WHAT YOU HAVE TO DO:
Below are the records; extract from them the line containing "The mystery of" to the line containing "Email that asked", both lines included, exactly and with no pictures.

EXERCISE INPUTS:
--- START ---
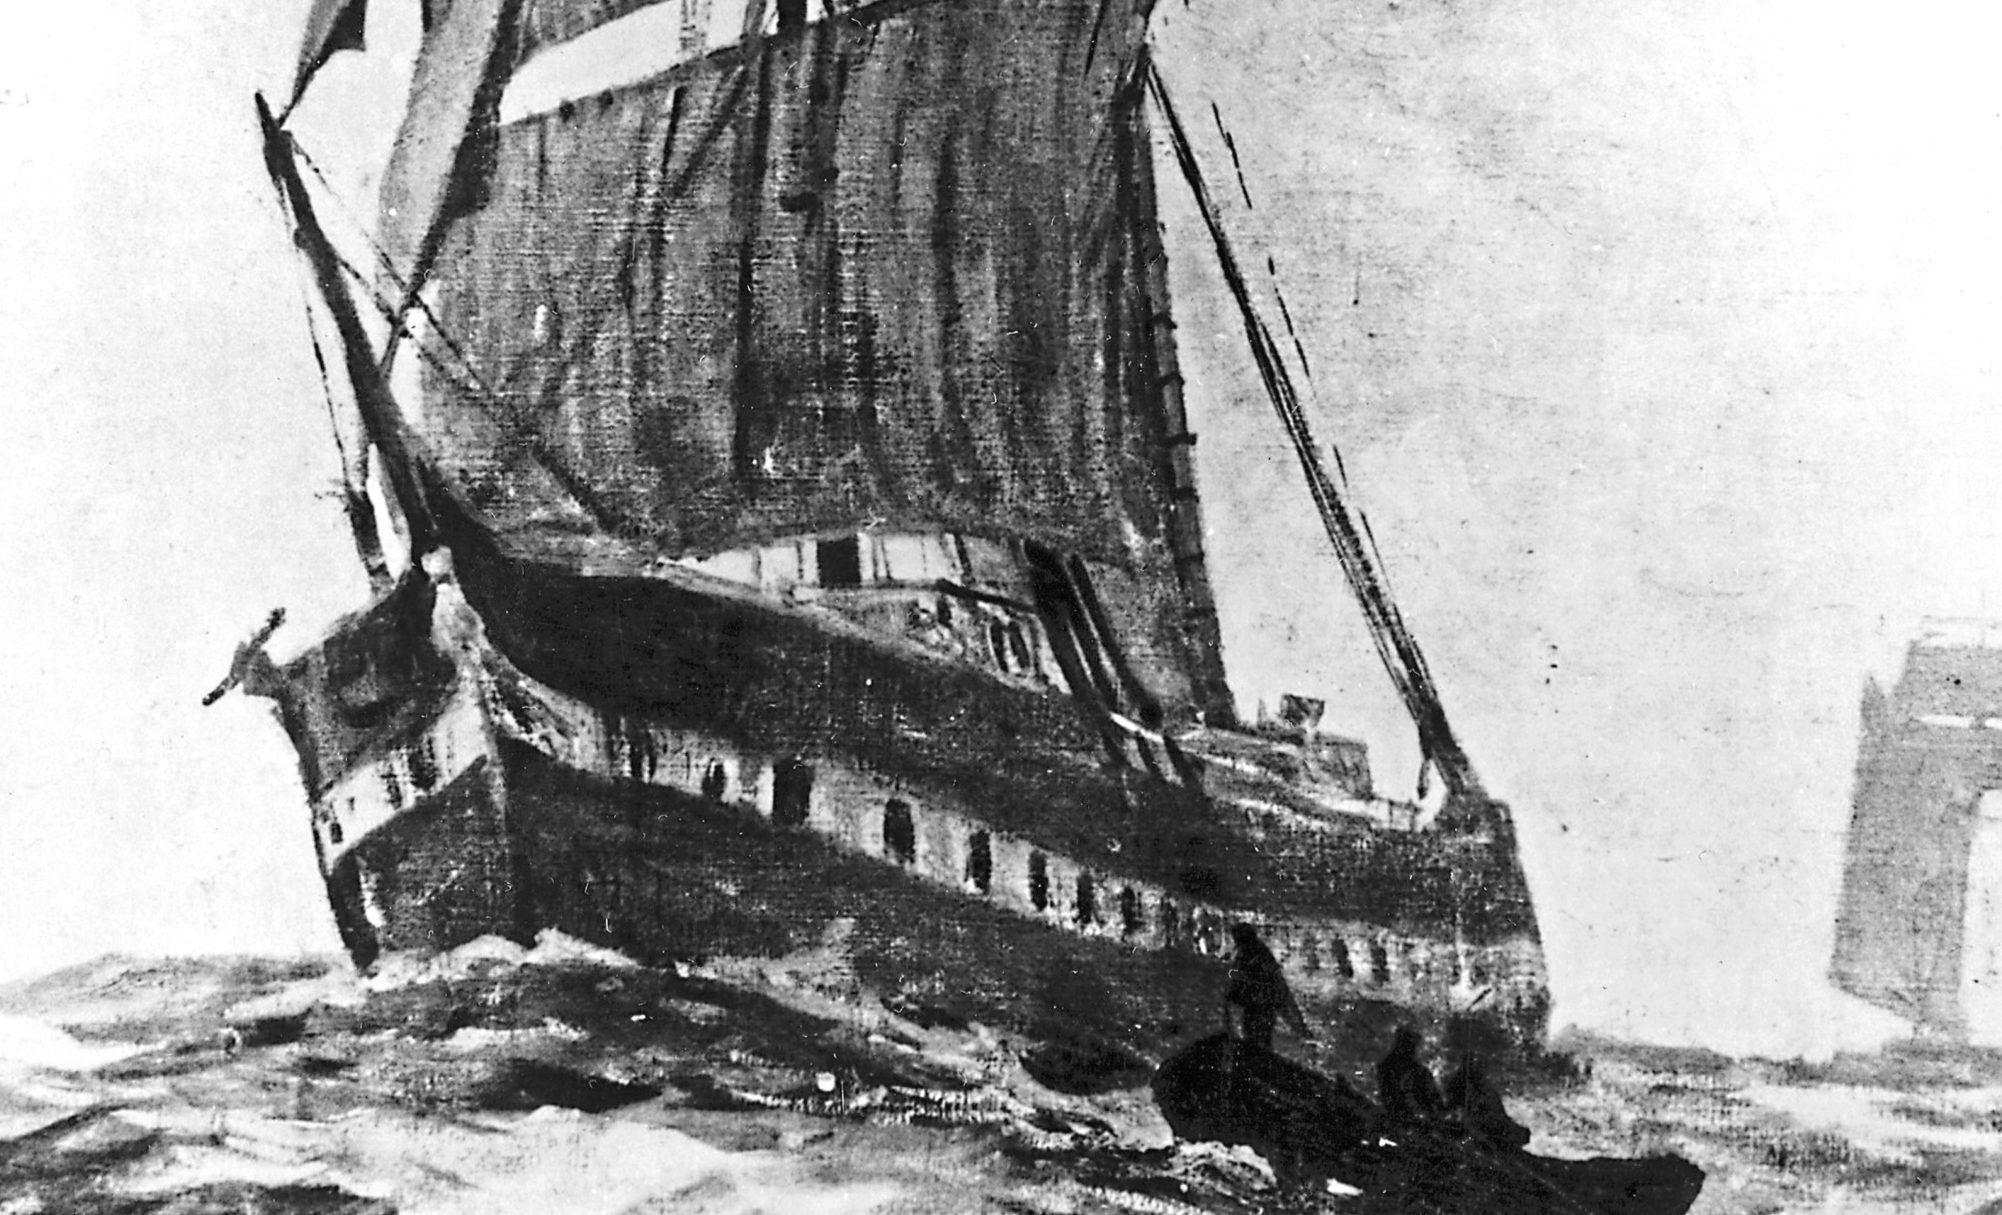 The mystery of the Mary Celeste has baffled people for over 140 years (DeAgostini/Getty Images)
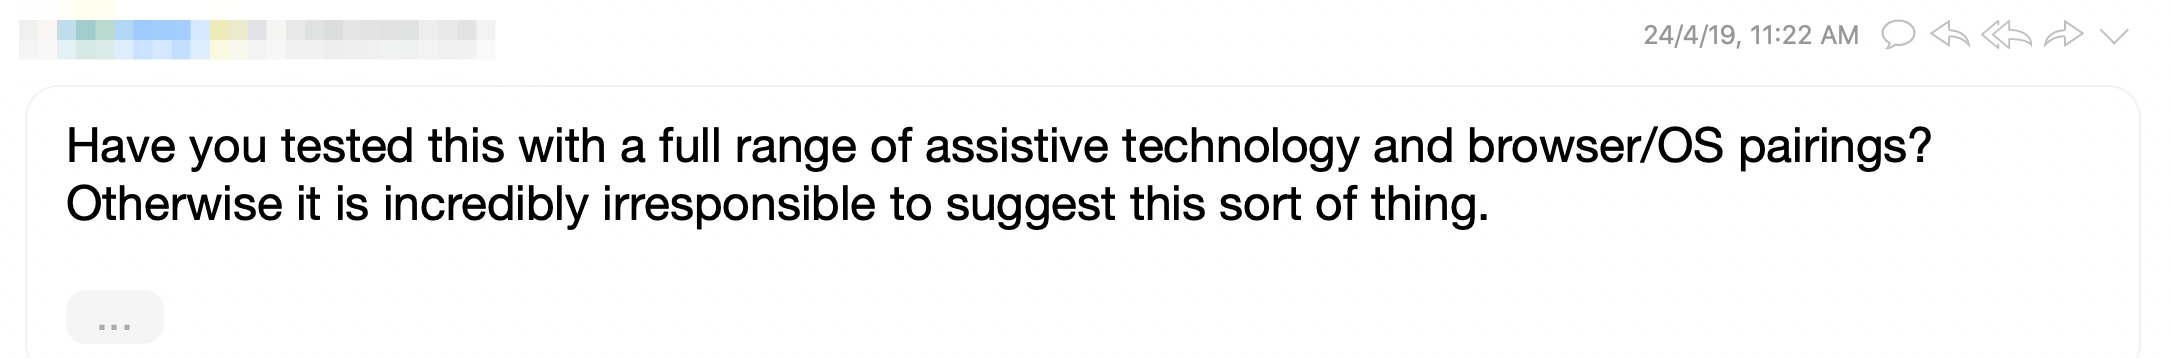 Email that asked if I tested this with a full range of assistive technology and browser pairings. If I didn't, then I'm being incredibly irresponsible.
--- END ---
--- START ---
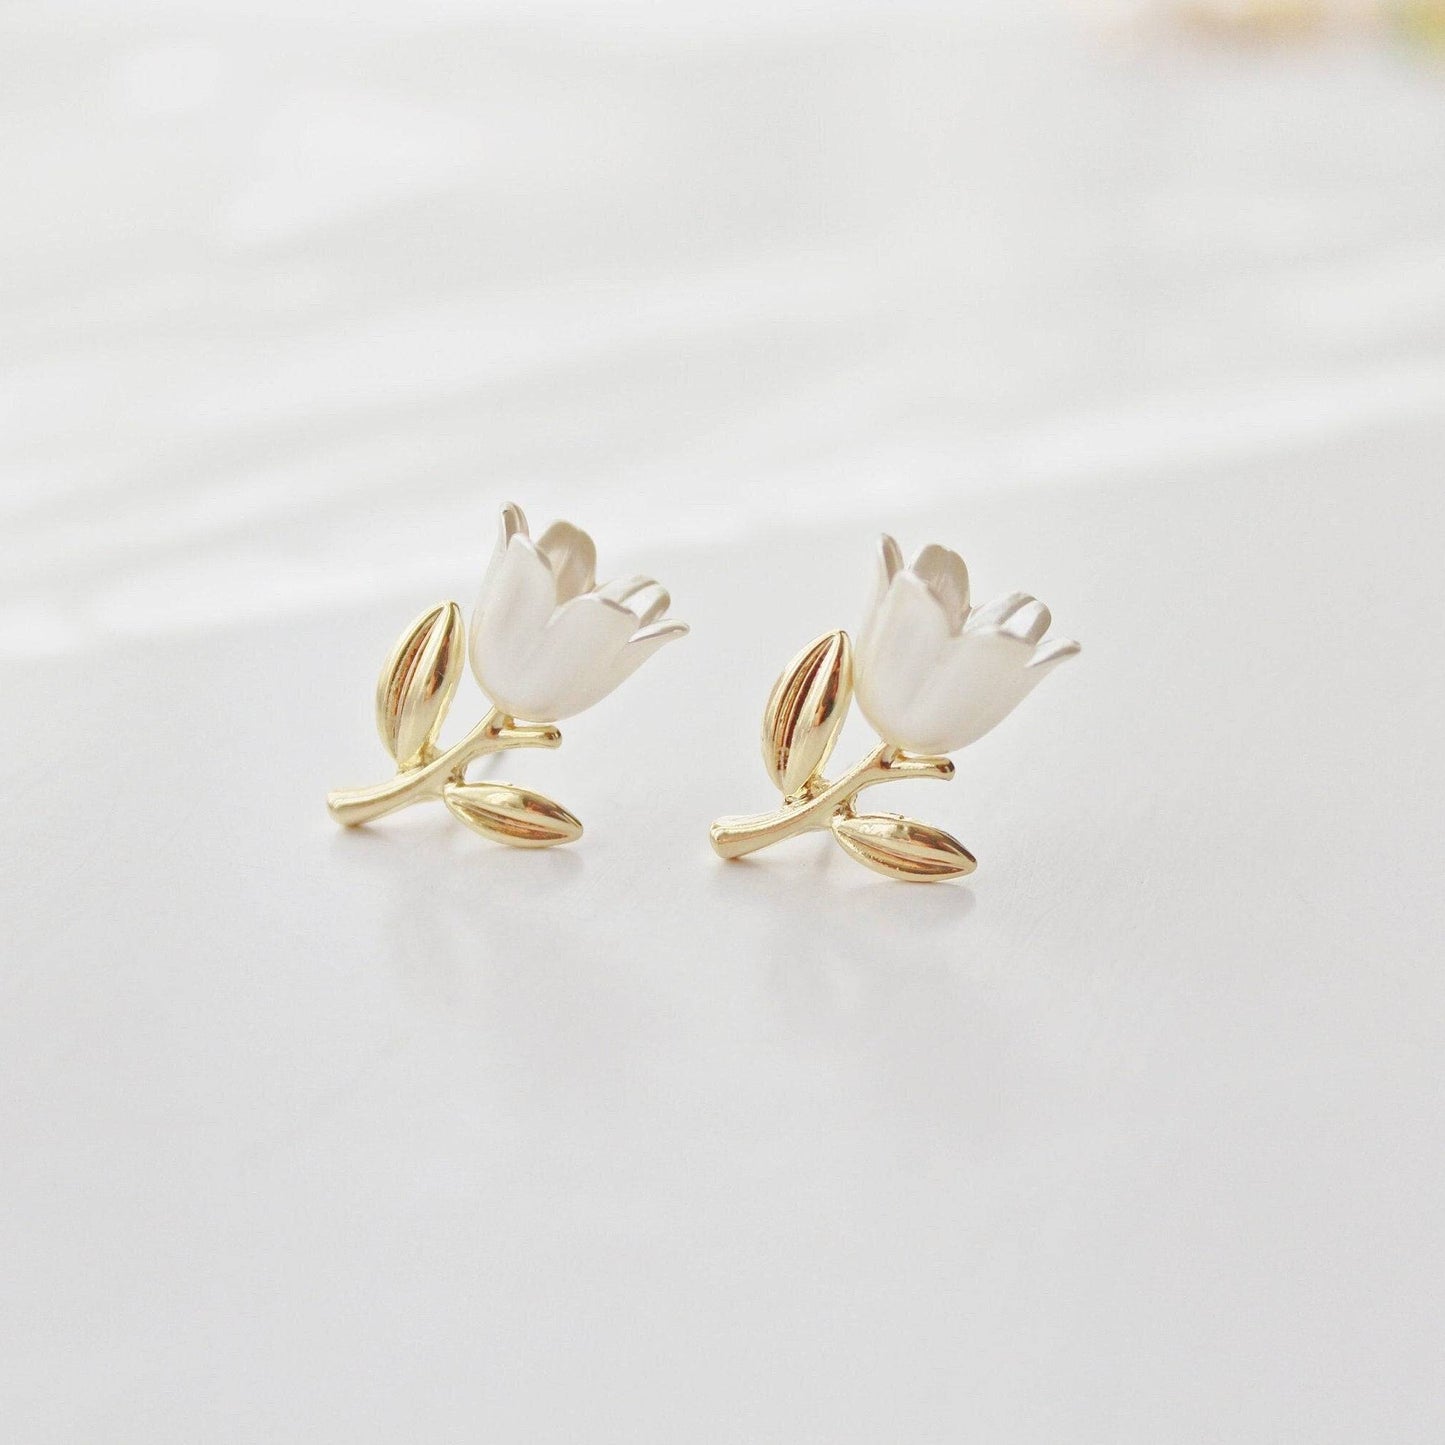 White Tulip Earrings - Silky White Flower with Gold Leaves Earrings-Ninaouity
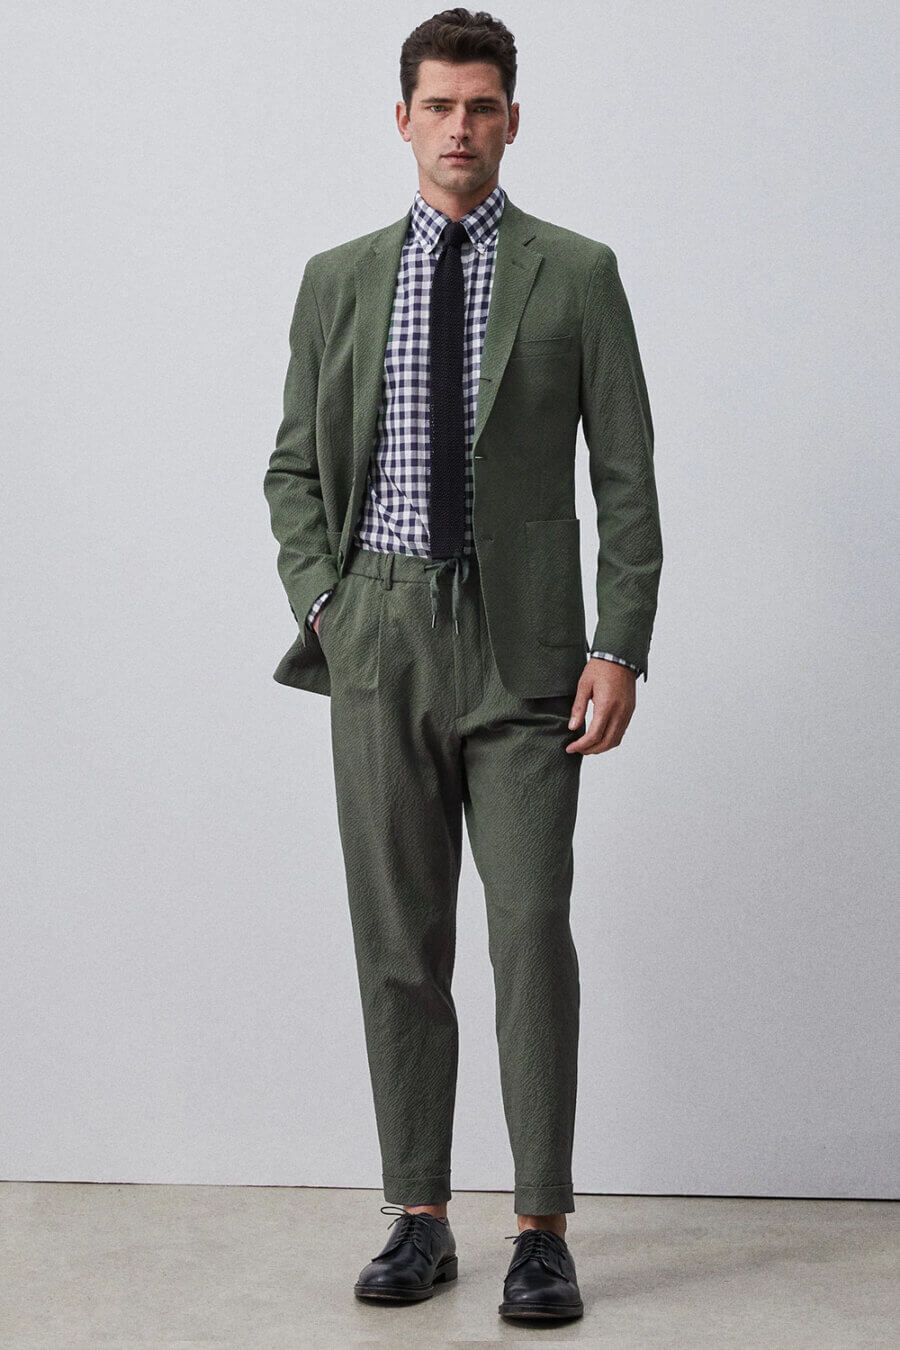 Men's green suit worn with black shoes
--- END ---
--- START ---
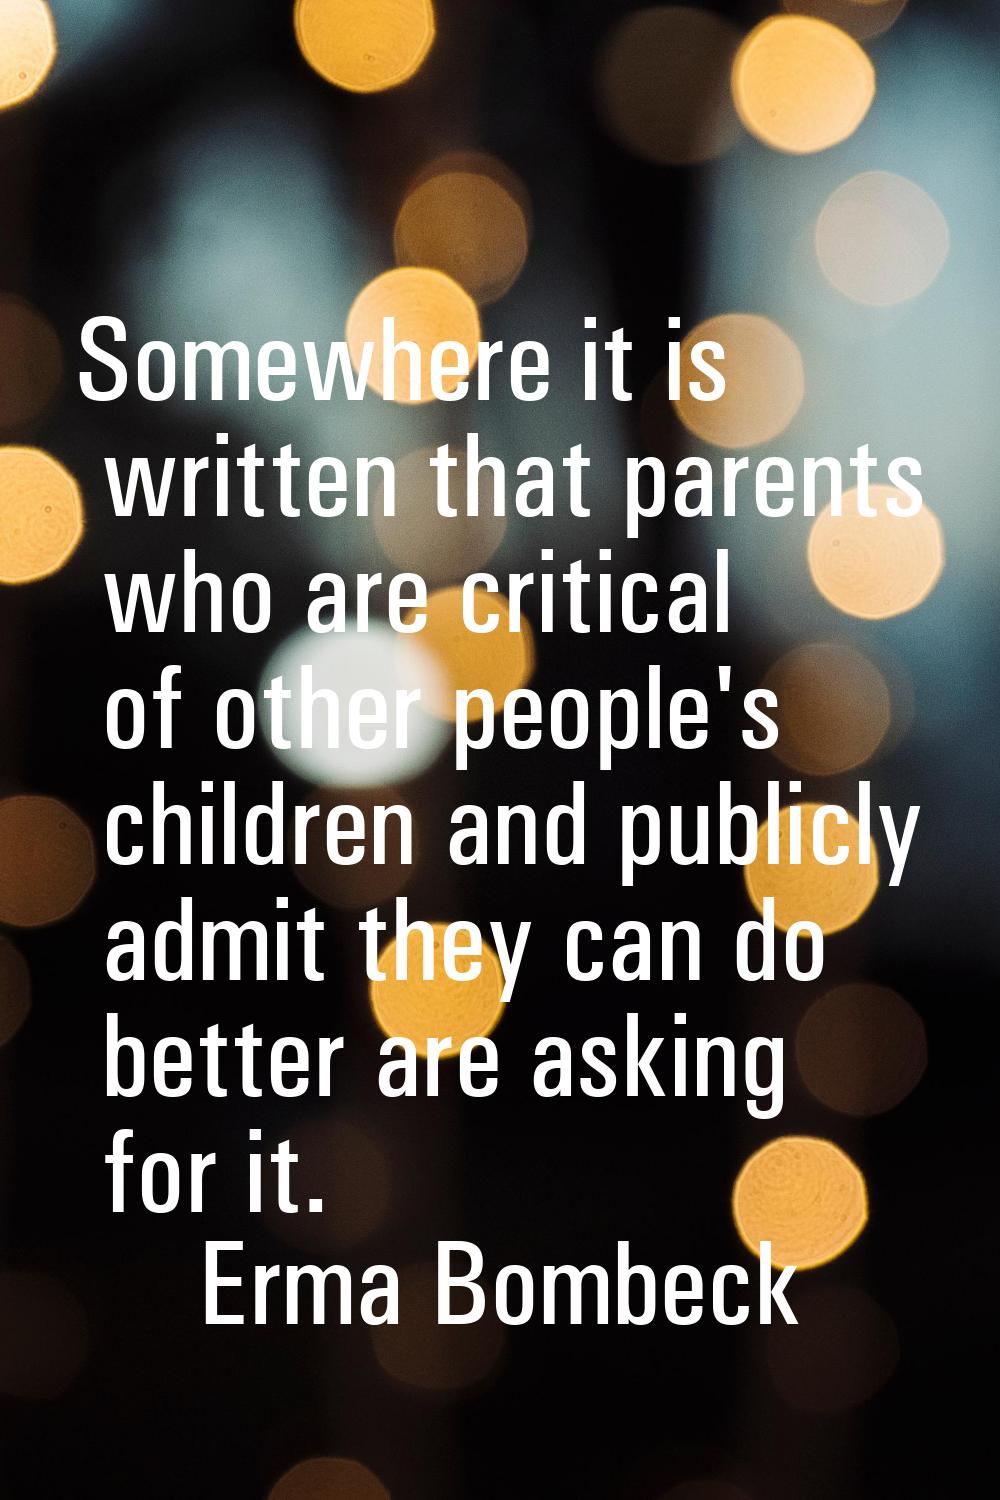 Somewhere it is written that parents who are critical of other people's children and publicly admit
--- END ---
ANSWER BELOW:
 The mystery of the Mary Celeste has baffled people for over 140 years (DeAgostini/Getty Images)
 Email that asked if I tested this with a full range of assistive technology and browser pairings. If I didn't, then I'm being incredibly irresponsible.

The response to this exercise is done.